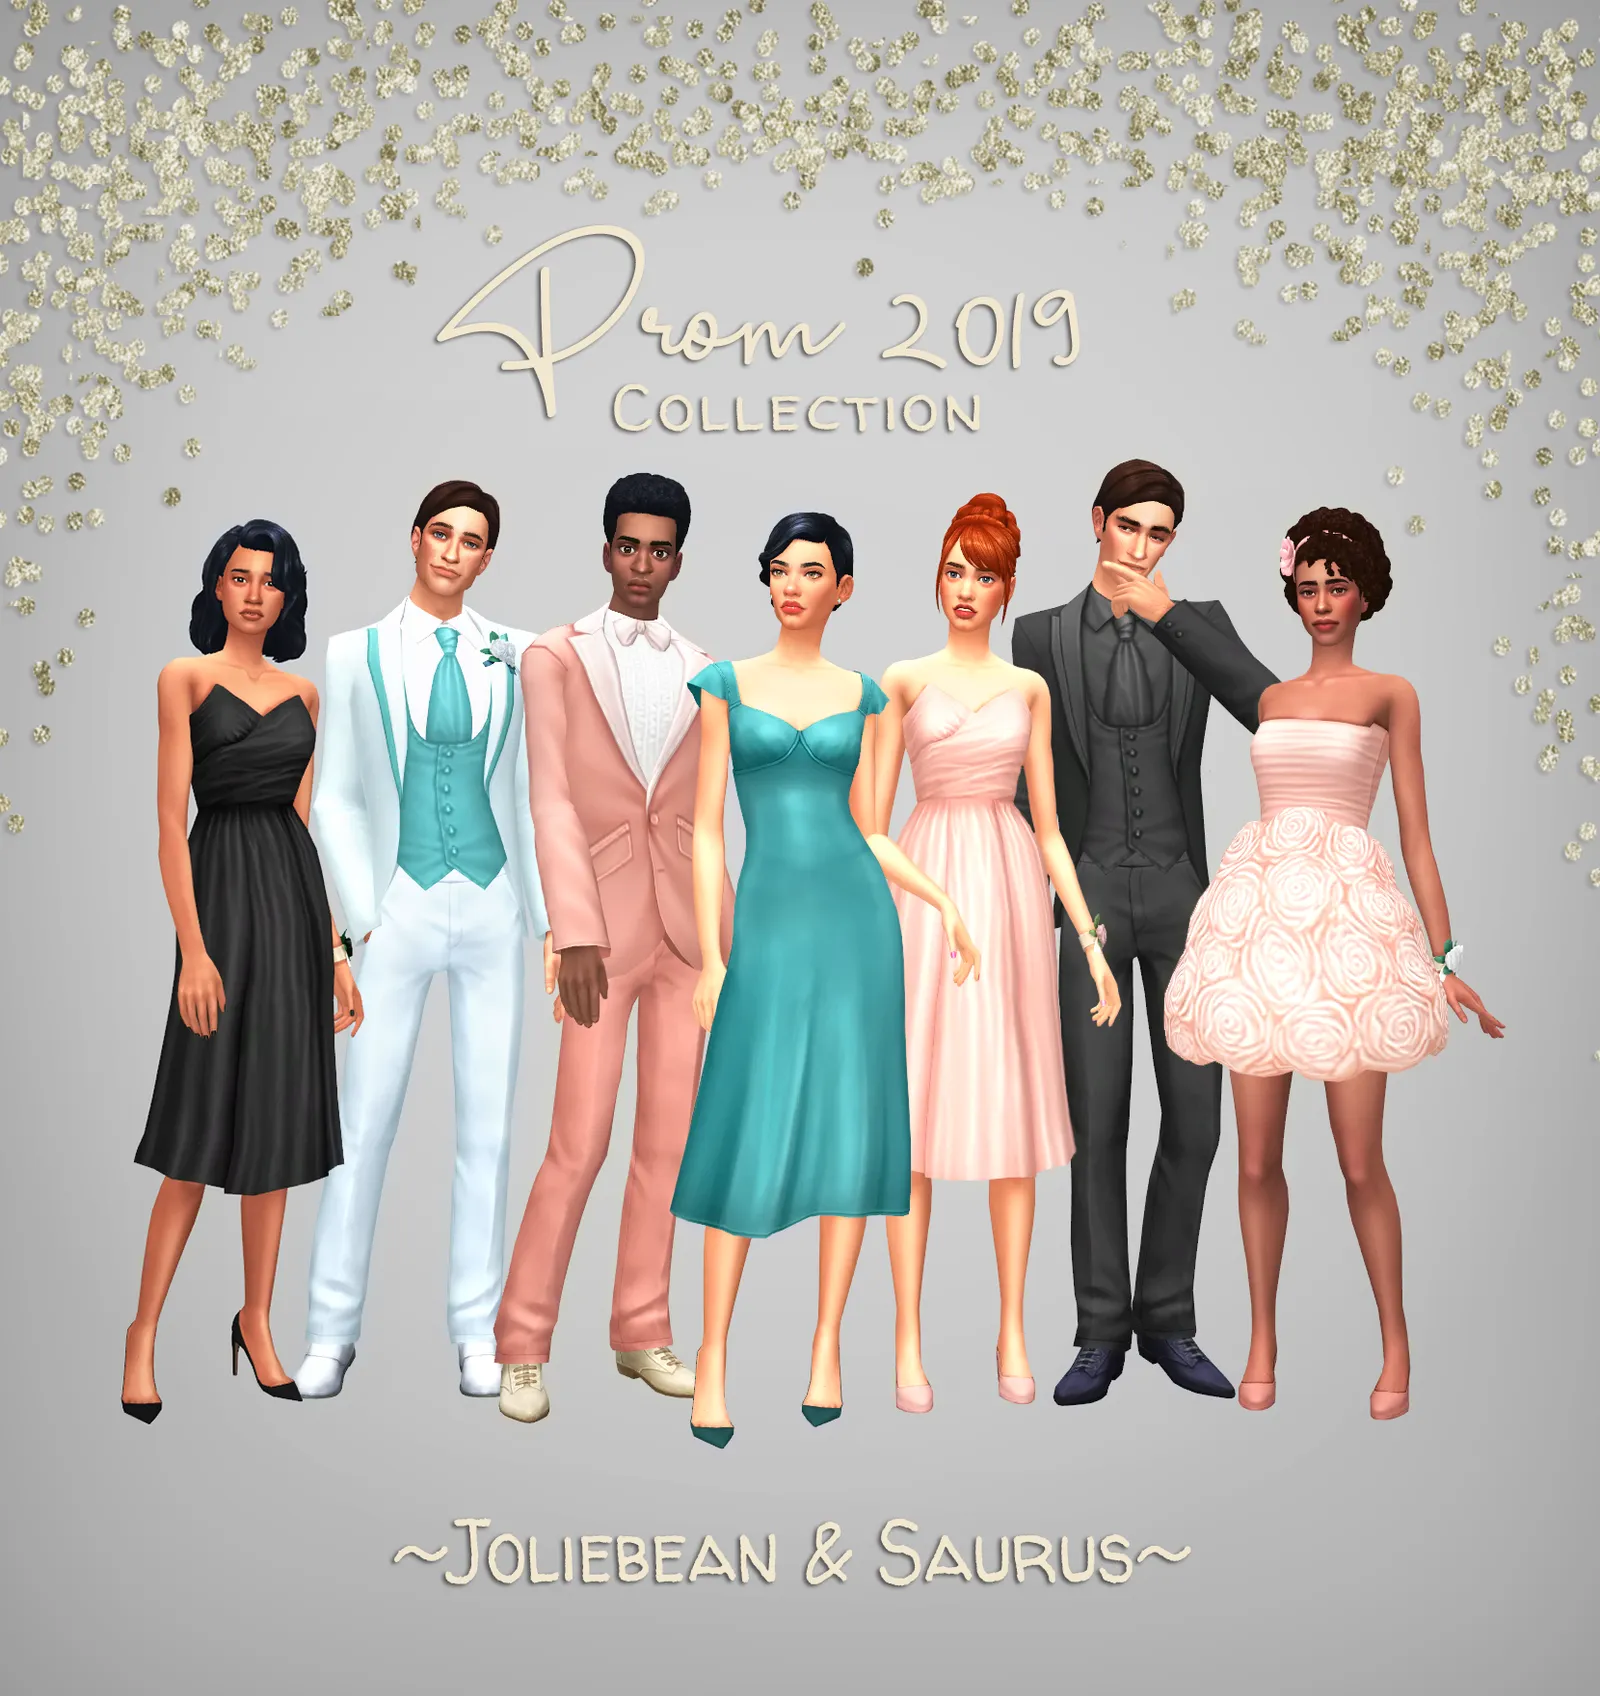 Prom 2019 Collection by @joliebean?? & @saurussims??
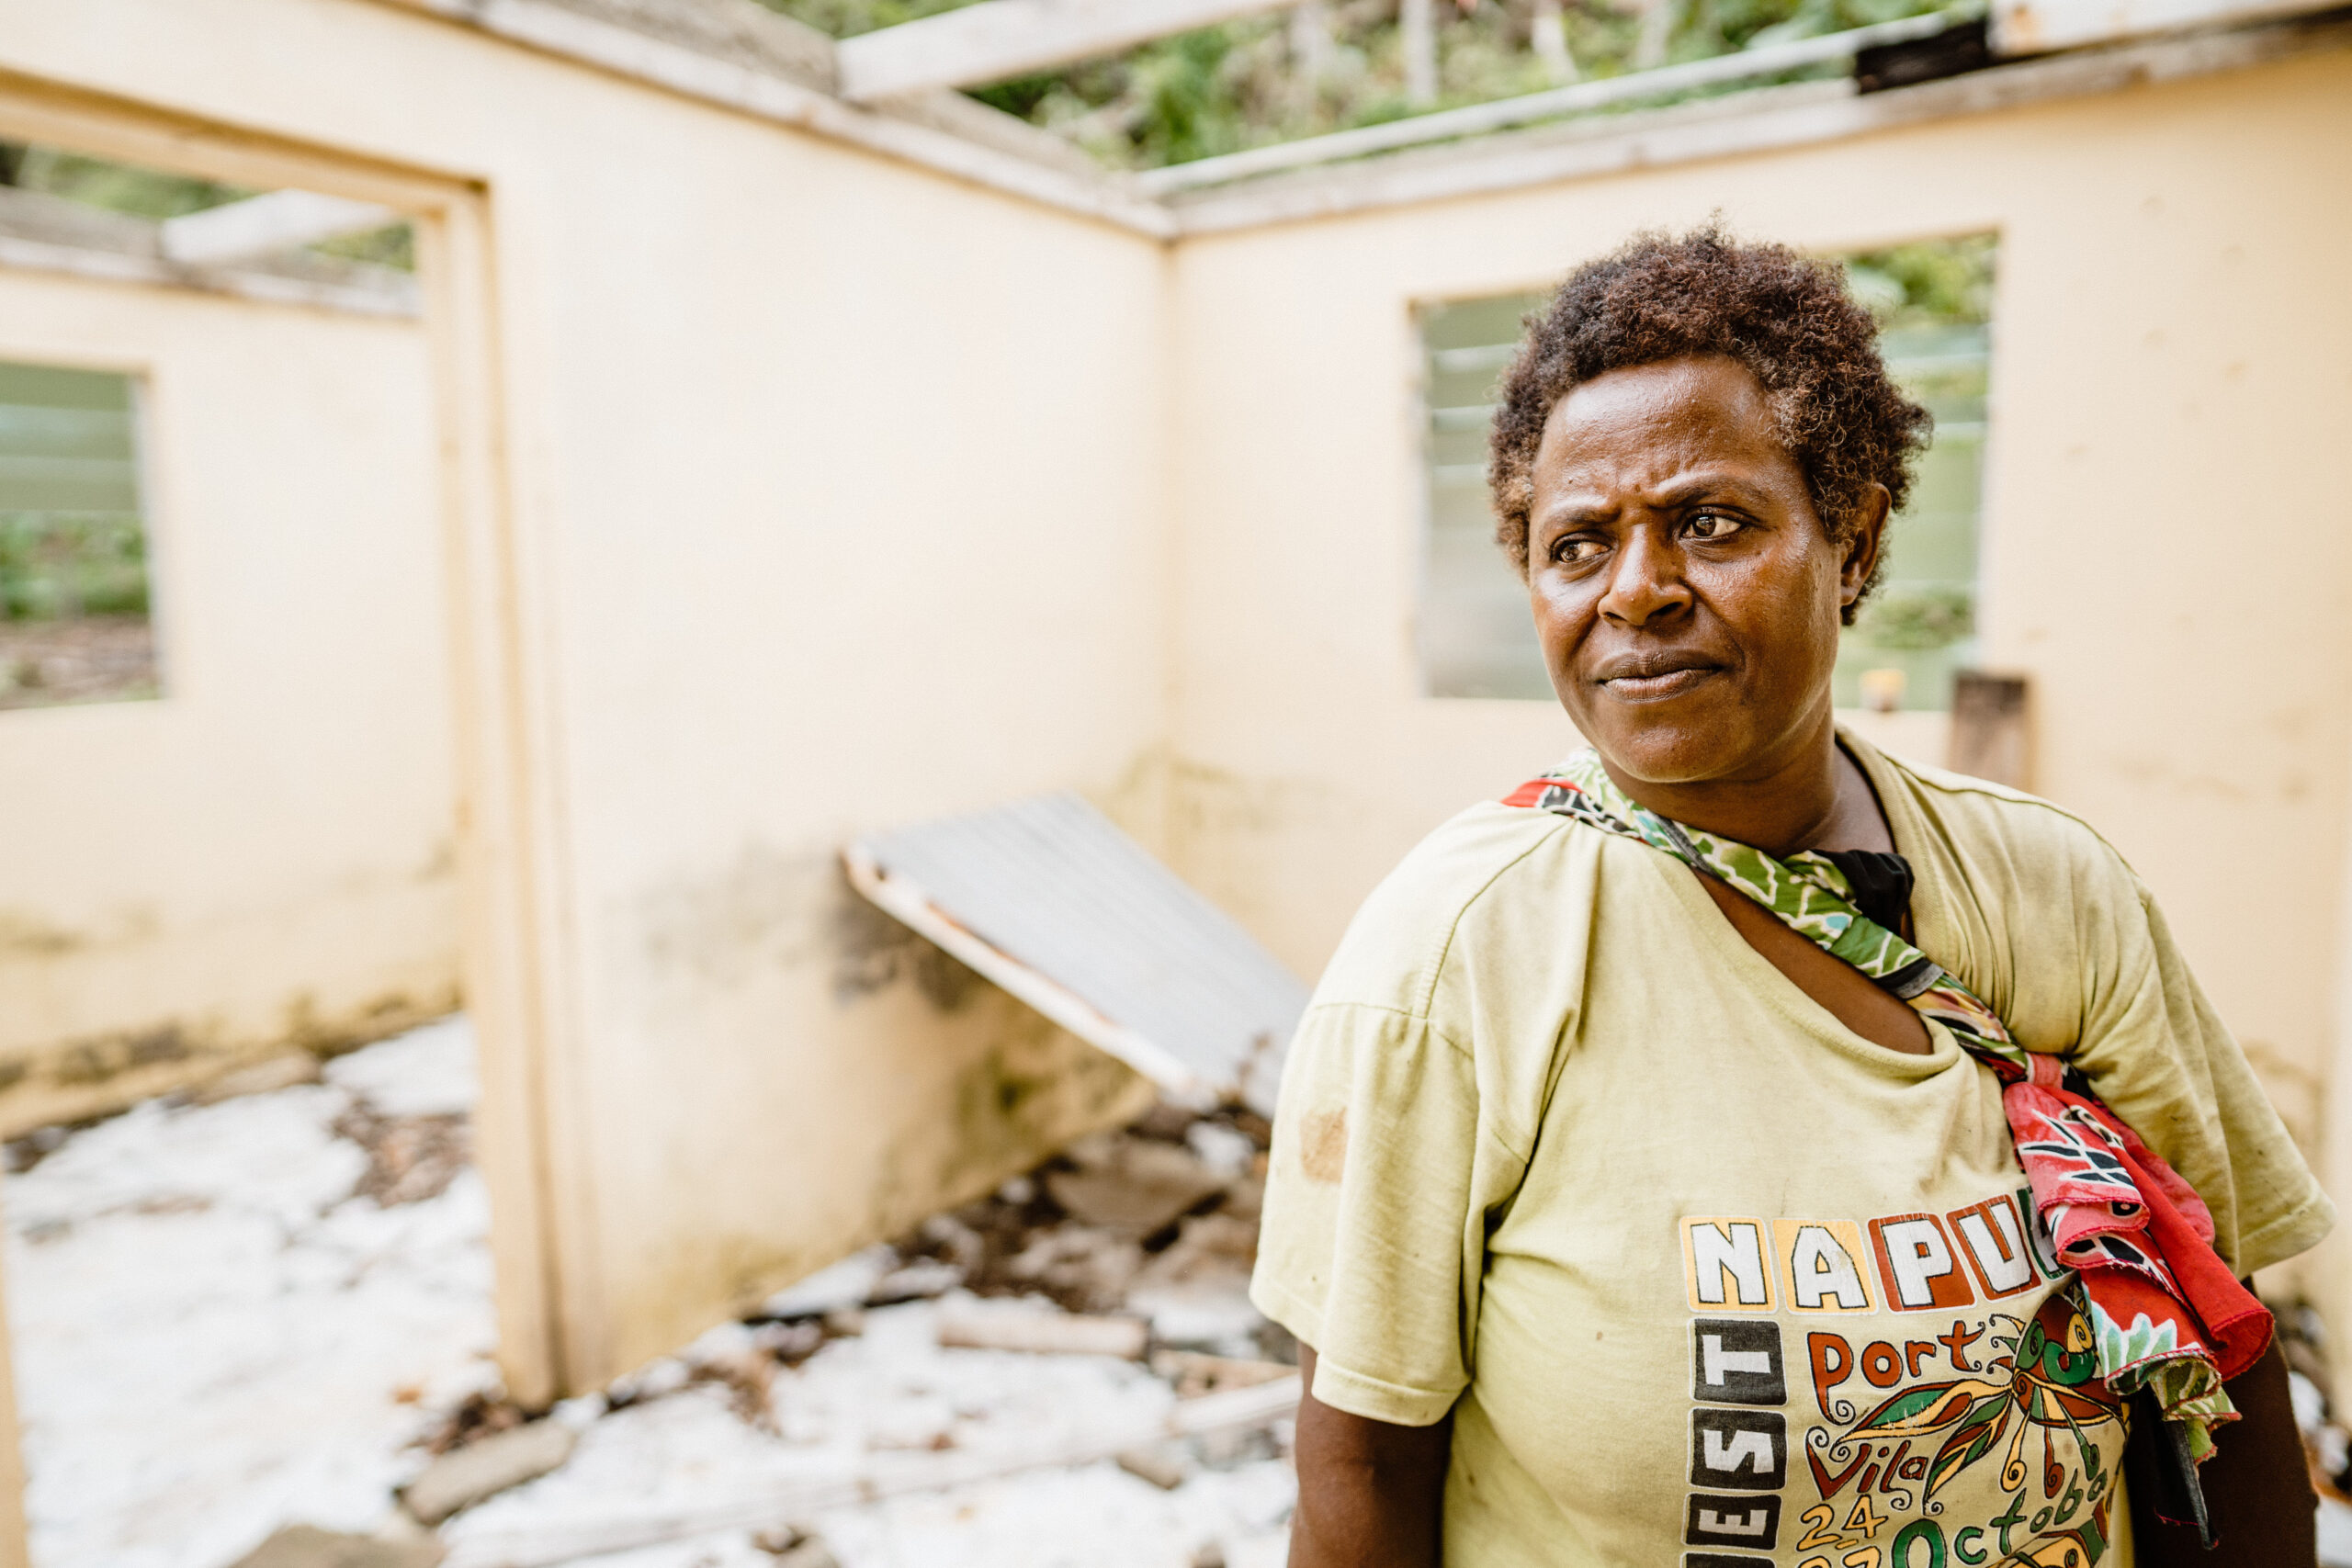 Angela lost her home and belongings to Tropical Cyclone Harold. Photo courtesy of CARE.
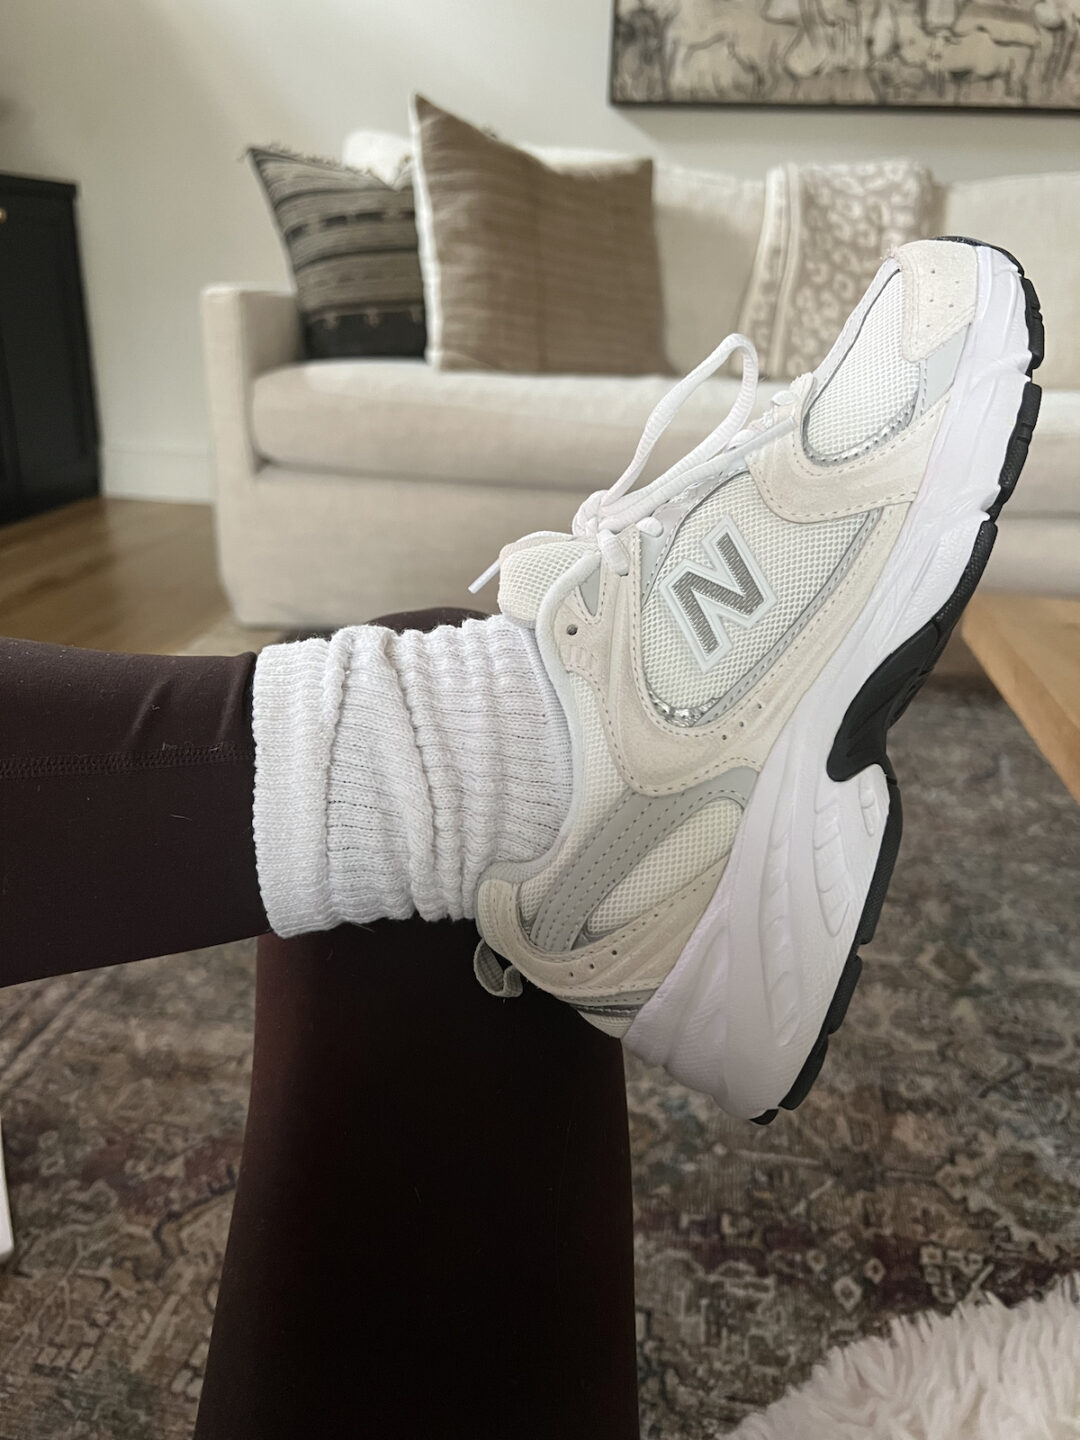 New Balance Sneakers Review • BrightonTheDay

*WHAT YOU HAVE TO DO:* Copy the entire listing exactly but skip the pictures.

*TASK RESPONSE:*
 Prom 2019 Collection by @joliebean?? & @saurussims??
 Angela lost her home and belongings to Tropical Cyclone Harold. Photo courtesy of CARE.
 New Balance Sneakers Review • BrightonTheDay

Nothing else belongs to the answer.